In our prior study [44], we found that annualized volume change of BA35 is among the best measures in discriminating patients in early phases of AD (including preclinical and early prodromal AD) from Aβ− controls. Therefore, we used this measurement, extracted using the same pipeline in [44], as a proxy of progressive neurodegeneration in this study. In brief, the Automatic Longitudinal Hippocampal Atrophy (ALOHA) software [45] was first applied to all pairs of baseline follow-up longitudinal MRI scans with the baseline BA35 segmentation to unbiasedly estimate the BA35 volume of all subsequent MRI scans. Then, a linear model was fitted to the BA35 volume measures of each subject to derive BA35 volume atrophy rate, which was then divided with the baseline BA35 volume to generate a relative volume atrophy rate (in %/year). Bilateral measurements were averaged to increase reliability. We considered longitudinal MRI scans within a 5-year follow-up in this study.

Quality control

Comprehensive quality control (details in Supplementary Material S2) was performed to ensure the quality of the baseline and longitudinal BA35 volume change rate measurements. In total, 12 CN and 19 MCI subjects were excluded from the analysis.

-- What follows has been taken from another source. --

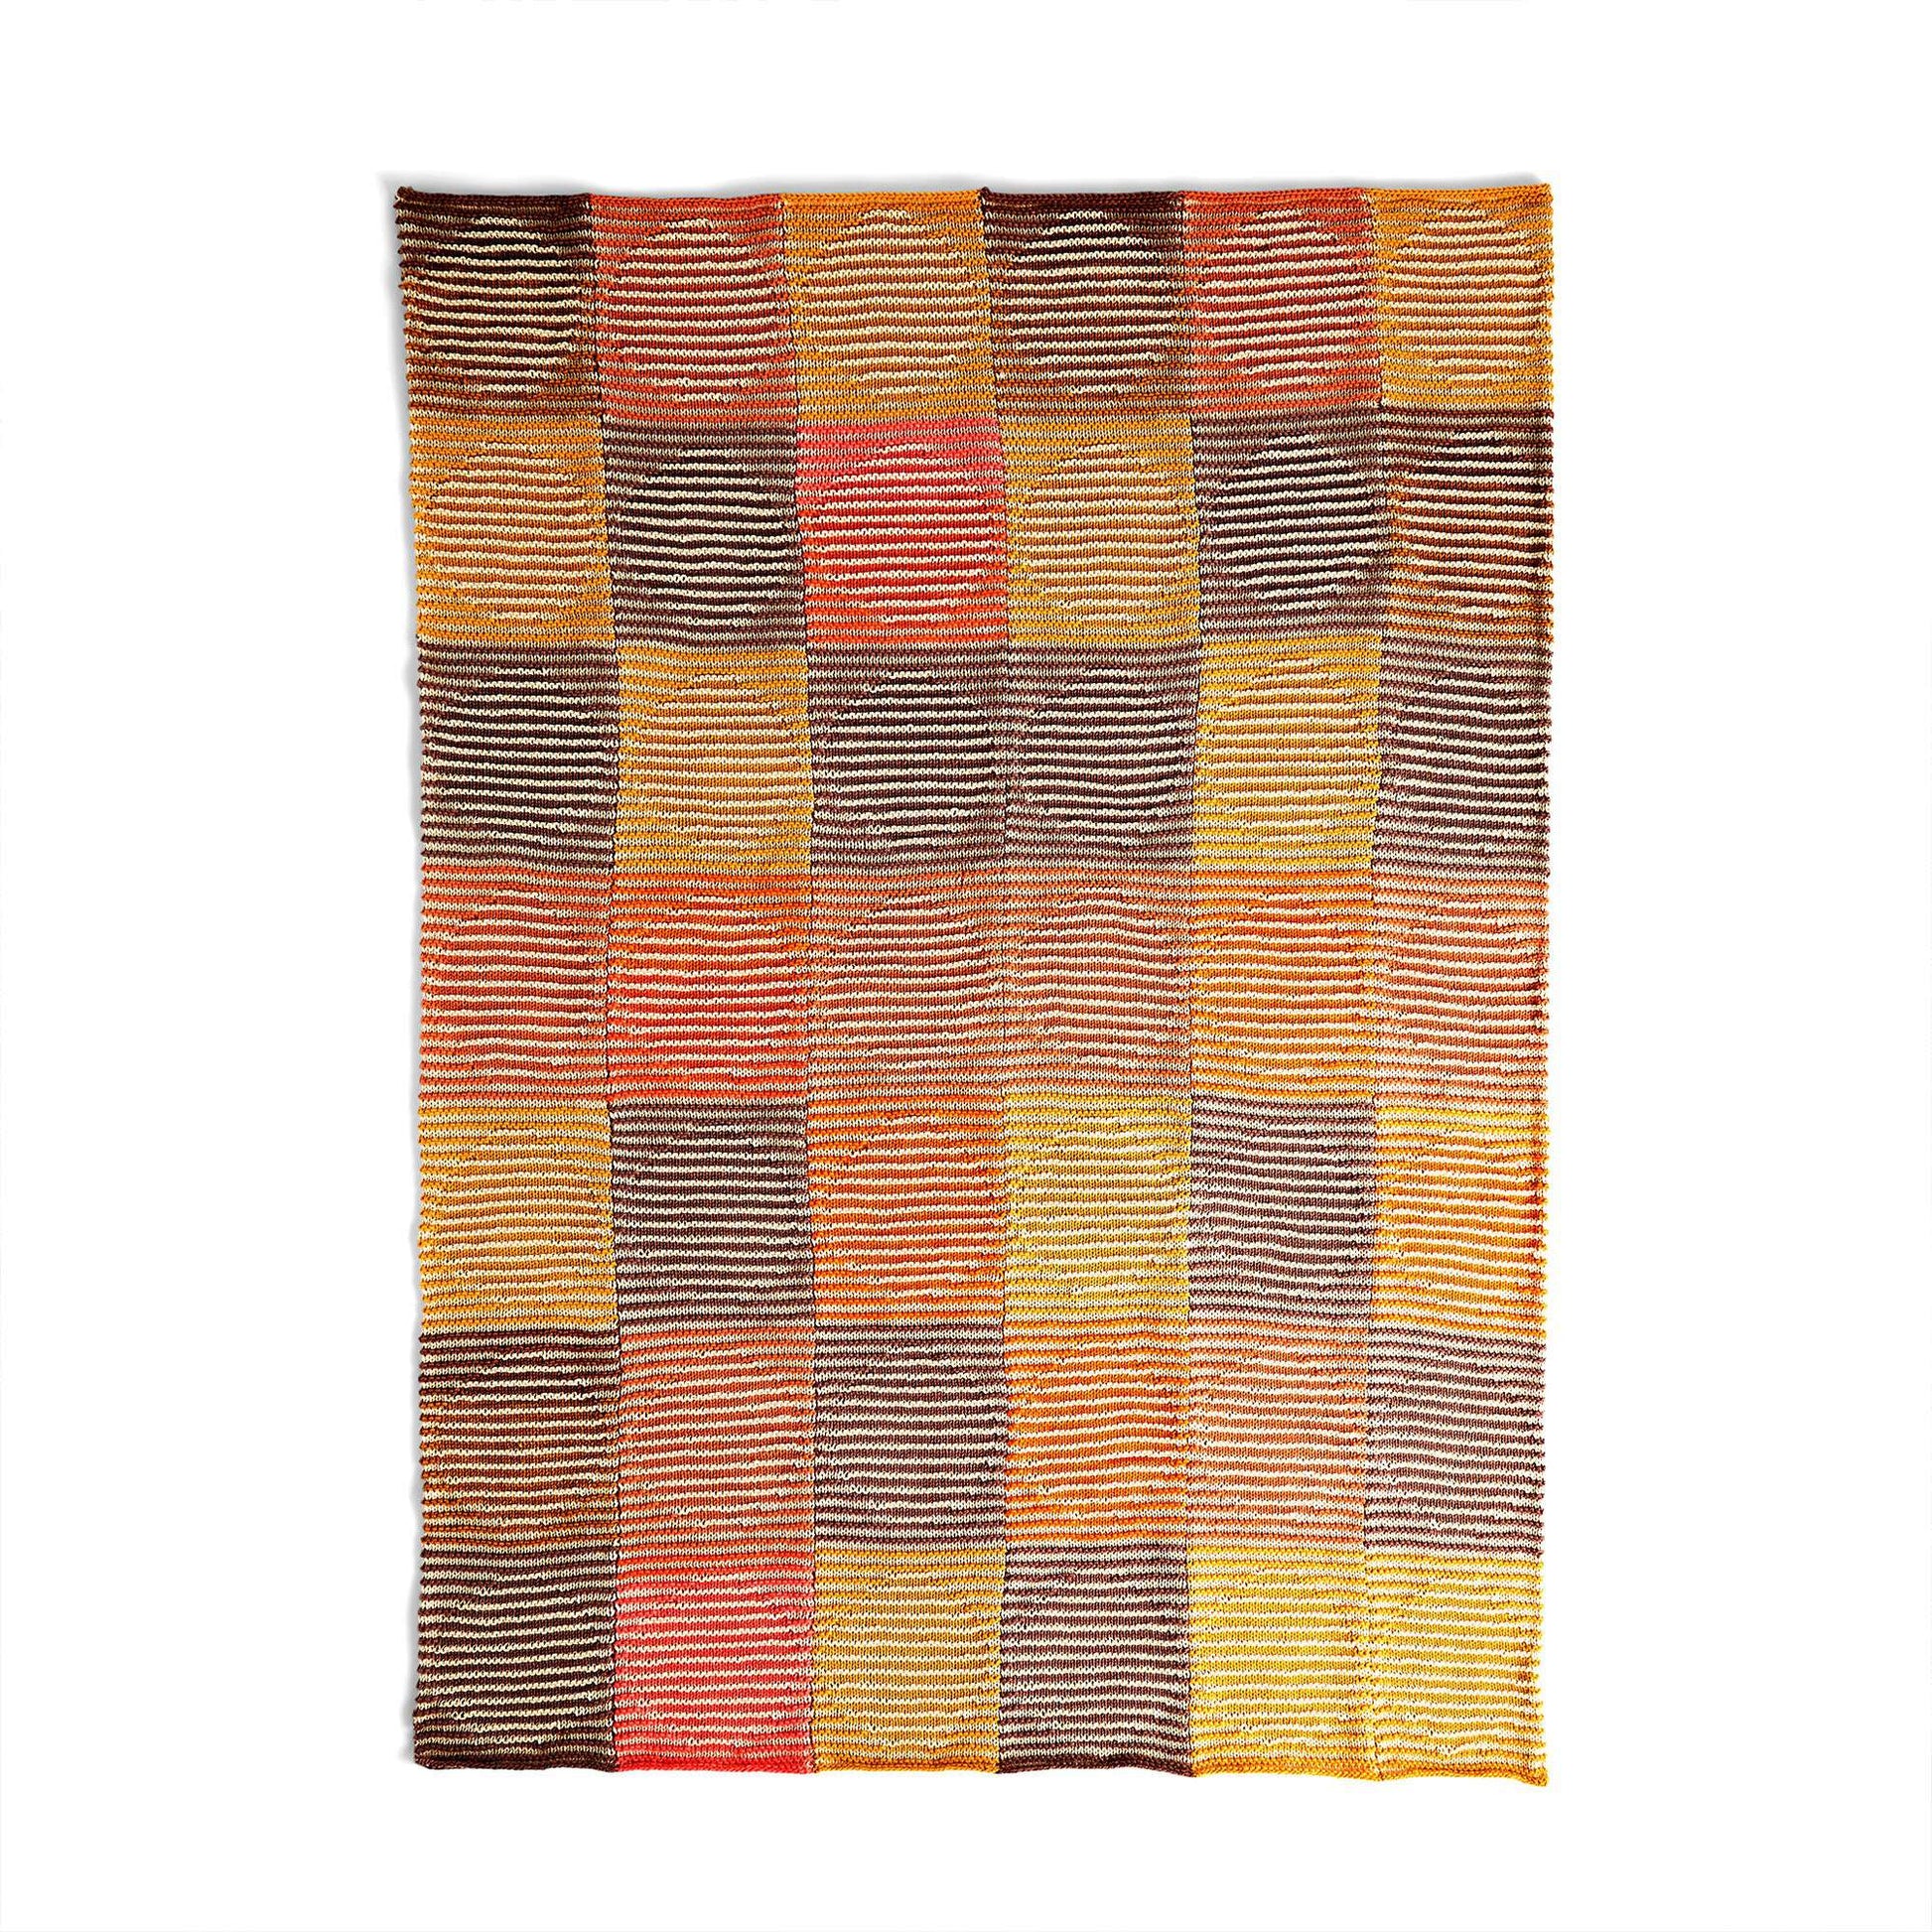 Free Caron Shadow Knit Circles Blanket Pattern
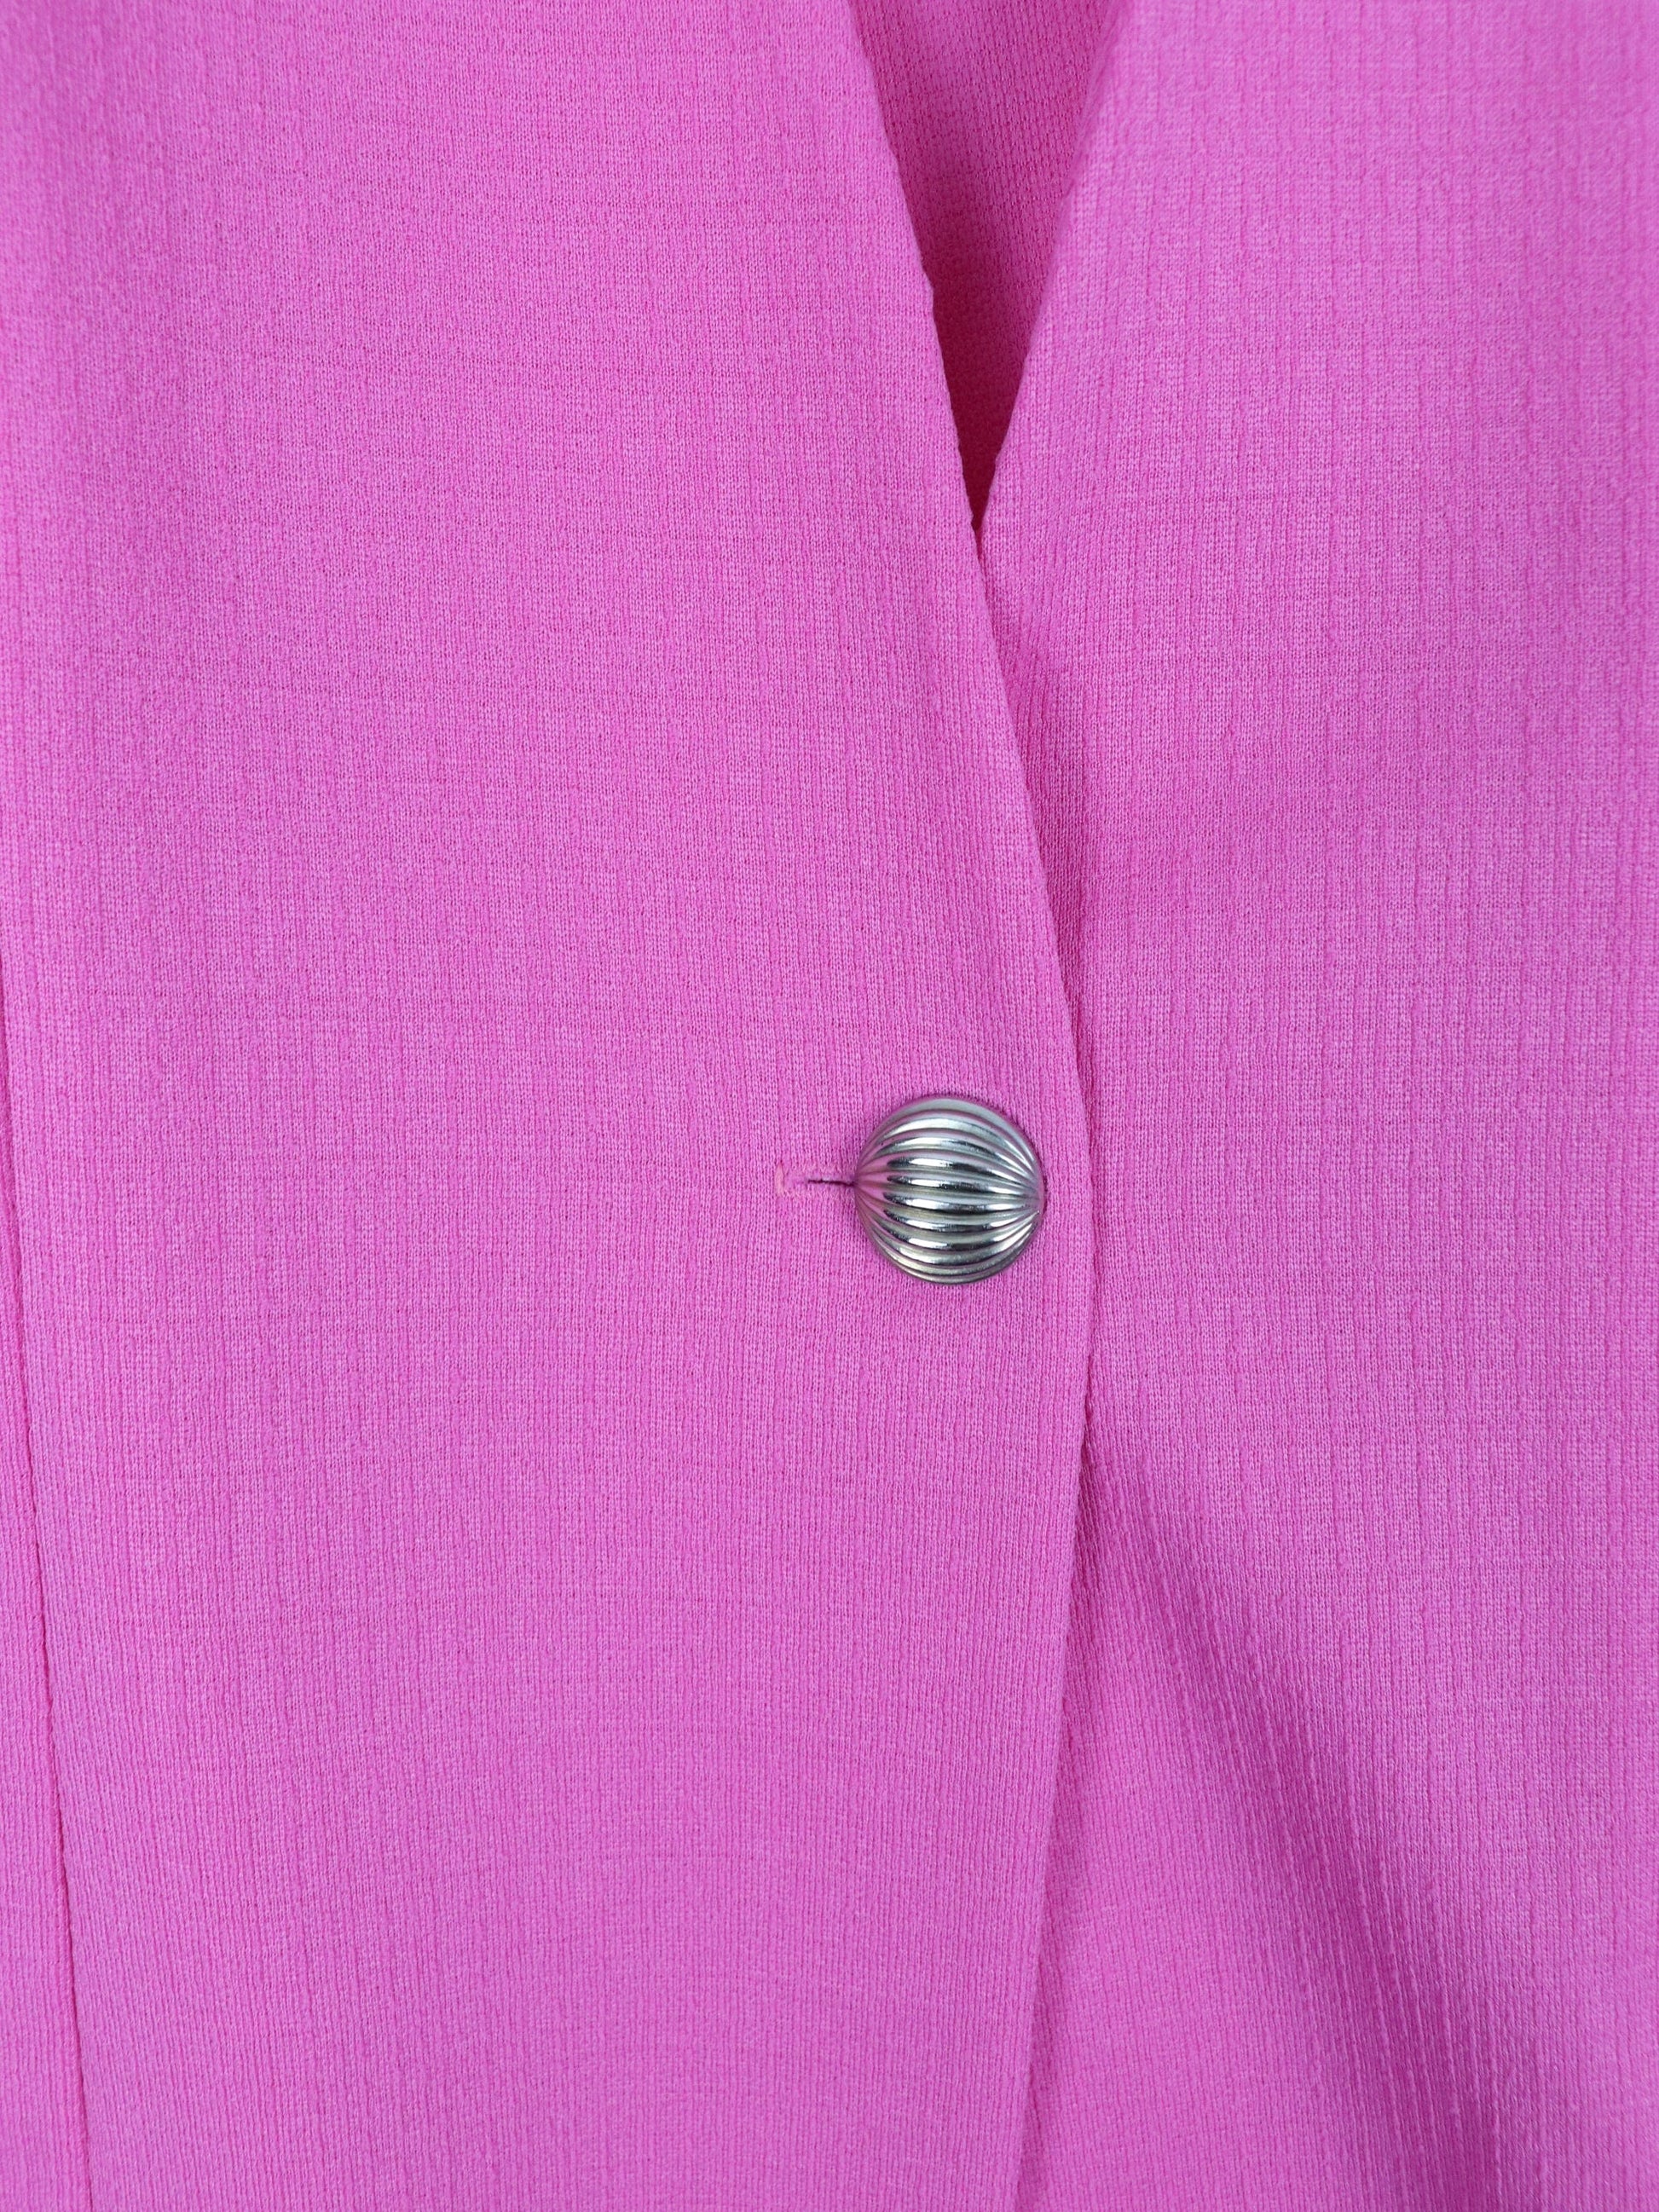 Other Jackets & Coats Vintage Blair Jacket Womens 14 Pink Blazer Coat Casual

Longitudinal cognitive data processing

To assess cognitive decline, an important marker of disease progression, we included publicly available longitudinal data of an ADNI summary memory measure [ADNI-MEM, which integrates data from the Rey Auditory Verbal Learning Test (RAVLT), AD Assessment Schedule - Cognition (ADAS-Cog), Mini-Mental State Examination (MMSE), and Logical Memory data, details in [46] and the Clinical Dementia Rating Scale Sum of Boxes (CDR-SOB). ADNI-MEM was chosen as a measure of cognitive decline because the current study focuses on the MTL and the early phases of AD. Since the logical memory delayed recall (LDEL) score itself (a cognitive test score that is used to compute ADNI-MEM) has been shown to be sensitive to early AD [47], longitudinal LDEL was additionally included as a marker of longitudinal cognitive decline in a supplementary analysis (Supplementary Table S2). The longitudinal cognitive change rate was computed using linear modeling in the same manner as the measurement of BA35 volume change (the “Longitudinal structural MRI marker of disease progression” section). Different from BA35 volume change, which is a relative change measure (in %/year), the absolute change rate was computed for cognitive measures as no improvement was found in discriminating disease groups when using relative measurements in our prior study [44]. Consistent with the longitudinal MRI measurements, data points in a 5-year follow-up were used to compute longitudinal cognitive change.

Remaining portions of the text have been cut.